A new model for building successful and massively scalable applications is emerging. Bitcoin led the way with its open-source, peer-to-peer nature, cryptographically-stored records (block chain), and limited number of tokens that power the use of its features. Ethereum, Omni and the SAFE Network are just a few of those «decentralized applications» that use a variety of methods to operate. Some use their own block chain (Ethereum), some use existing blockchains and issue their own tokens (Omni Layer), and others operate at two layers above an existing block chain and issue their own tokens (SAFE Network).
For an application to be considered a DApp it must meet the following criteria:
- The application must be completely open-source, it must operate autonomously, and with no entity controlling the majority of its tokens. The application may adapt its protocol in response to proposed improvements and market feedback but all changes must be decided by consensus of its users.

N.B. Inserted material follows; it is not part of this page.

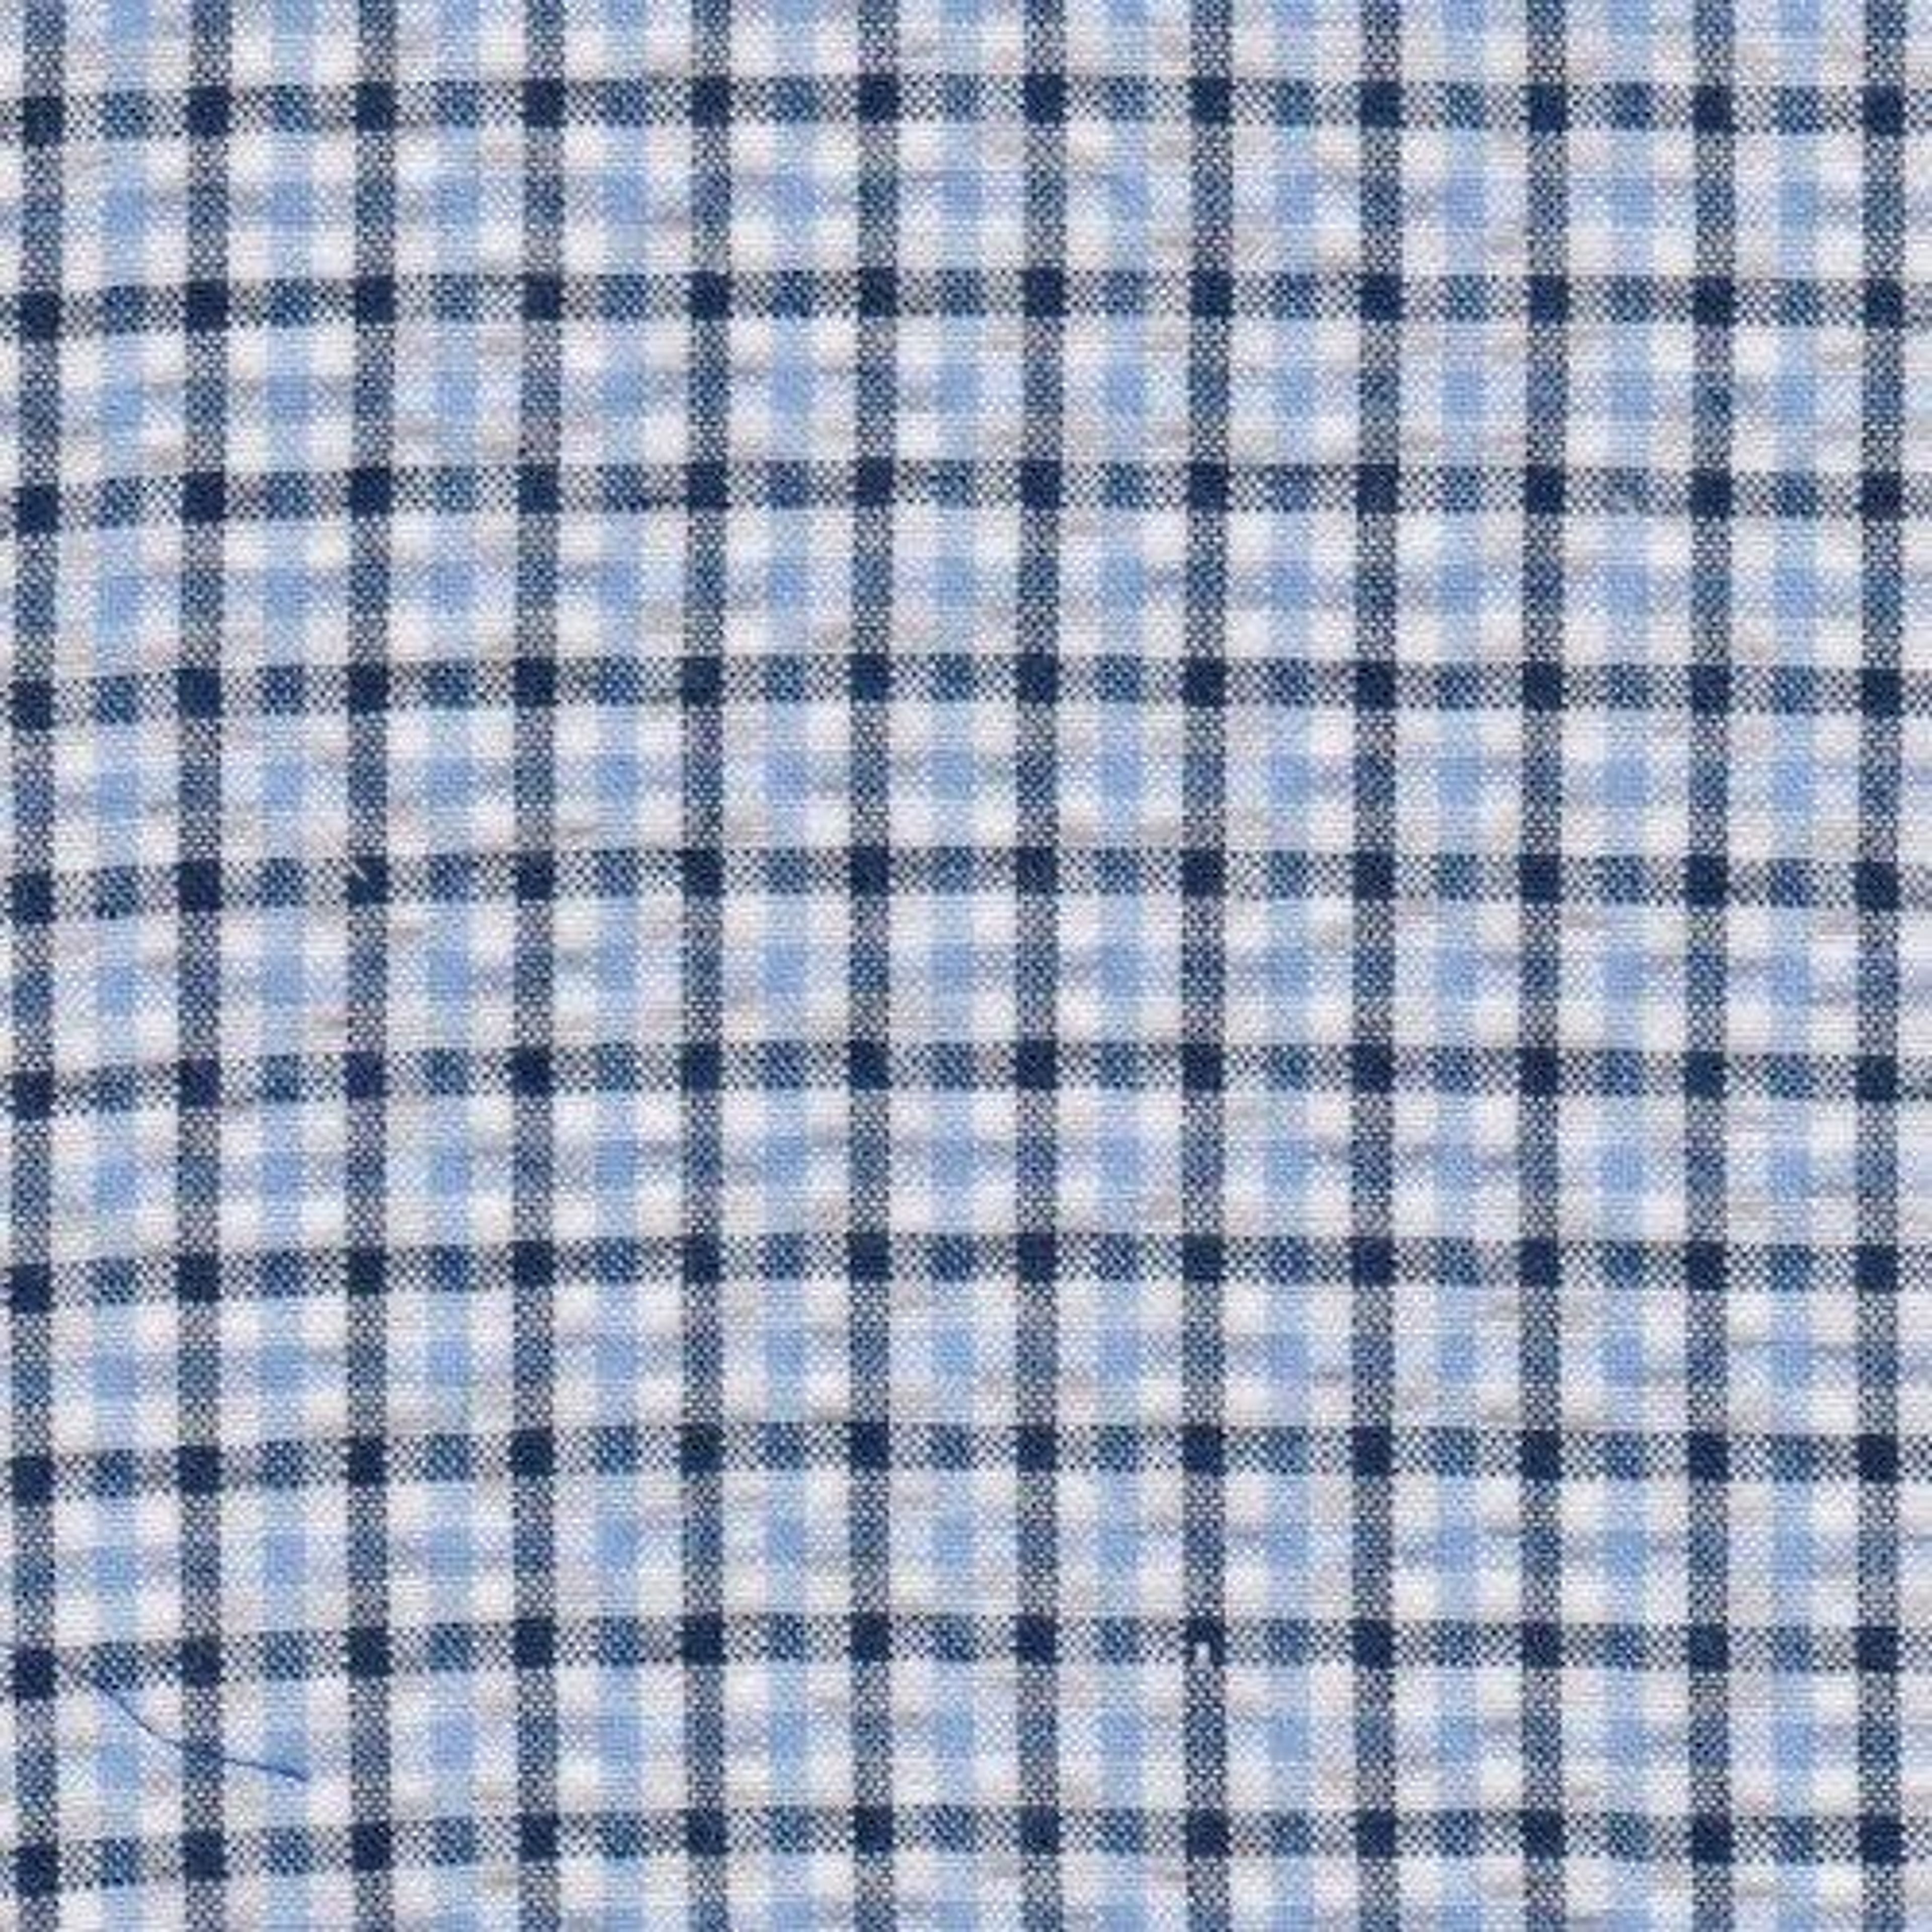 Blue Plaid UPF 25+ Seersucker Bucket Hat for Babies and Toddlers

- The application’s data and records of operation must be cryptographically stored in a public, decentralized blockchain in order to avoid any central points of failure.
- The application must use a cryptographic token (Bitcoin or a token native to its system) which is necessary for access to the application and any contribution of value from (miners / farmers) should be rewarded in the application’s tokens.

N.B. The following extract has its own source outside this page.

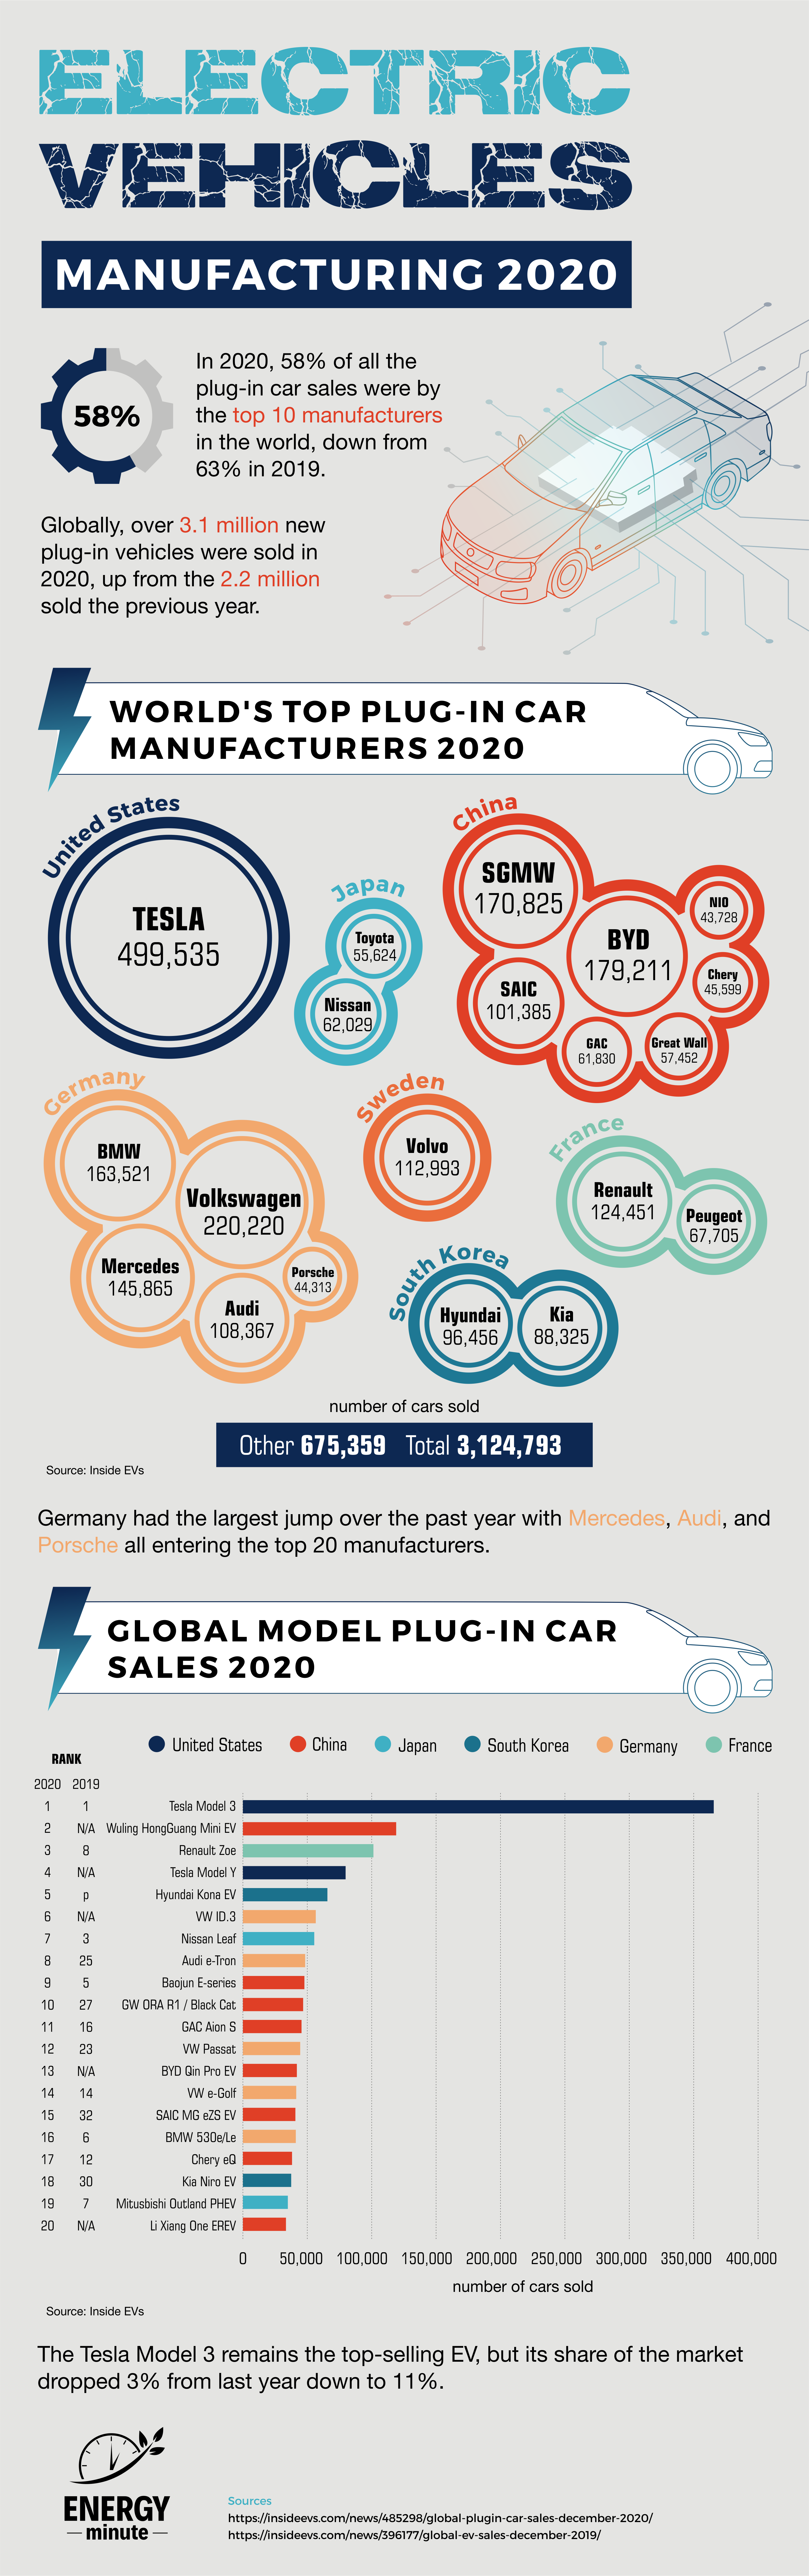 The Top Electric Vehicle Manufacturers in 2020

- The application must generate tokens according to a standard crytptographic algorithm acting as a proof of the value nodes are contributing to the application (for example Bitcoin uses the Proof of Work Algorithm).
Classification of DApps:
- Type I. Decentralized applications have their own block chain. Bitcoin is the most famous example of a type I decentralized application but Litecoin and other «alt-coins» are of the same type.
- Type II. Decentralized applications use the block chain of a type I decentralized application. Type II decentralized applications are protocols and have tokens that are necessary for their function. The Omni Protocol is an example of a type II decentralized application.
- Type III. Decentralized applications use the protocol of a type II decentralized application. Type III decentralized applications are protocols and have tokens that are necessary for their function. For example the SAFE Network that uses the Omni Protocol to issue «safecoins» that can be used to acquire distributed file storage is an example of a type III decentralized application.
A useful analogy for a type I Dapp is a computer operating system (like Windows, Mac OS X, Linux, Android, iOS) for a type II Dapp a general purpose software program (like a word processor, a spreadsheet software, a file synchronization system such as Dropbox) and for type III Dapp, a specialized software solution (like a mail-merge tool that uses a word processor, an expense report macro that uses a spreadsheet, or a blogging platform that uses Dropbox.) Using this analogy, it may be expected that due to network effects and the ecosystem surrounding each decentralized application, there will be a few type I Dapps, more type II Dapps and even more type III Dapps.
Development of decentralized applications takes place in three steps:
- A Whitepaper is published describing the Dapp and its features.
The most common way by which a DApp takes form is by the public release of a whitepaper that describes the protocol, its features, and its implementation. After the public release, feedback from the community is necessary for the further development of the DA.
- Initial tokens are distributed.
If the DApp is using the mining mechanism to distribute its tokens, a reference software program is released so that it can be used for mining.
If the DApp is using the fund-raising mechanism, a wallet software becomes available to the stakeholders of the DApp, so that they can exchange the tokens of the DApp.
If the DApp is using the development mechanism, a bounty system is put in place that allows the suggestion of tasks to be performed, the tracking of the people who are working on those tasks and the criteria by which bounties can be awarded.
- The ownership stake of the DApp is spread.
As tokens from mining, fund-raising and collaboration are distributed to a greater number of participants, the ownership of the DApp becomes less and less centralized and participants that held a majority stake at an earlier point have less and less control. As the DApp matures, participants with more diverse skills are incentivized to make valuable contributions, and the ownership of the Dapp is distributed further. Through market forces the tokens of a DApp are transferred to those who value it the most. Those individuals then can contribute to the development of the DApp in the areas since they have an expertise.
Operating under open-source licenses allows DApps to be open for innovation without restrictions of copyright or patent. In addition, by being completely open-source, decentralized applications can operate under the legal model of open-source software.
DApps have the potential to become self-sustaining because they empower their stakeholders to invest in the development of the DApp. Because of that, it is conceivable that DApps for payments, data storage, bandwidth and cloud computing may one day surpass the valuation of multinational corporations like Visa, Dropbox, Comcast, and Amazon that are currently active in the space.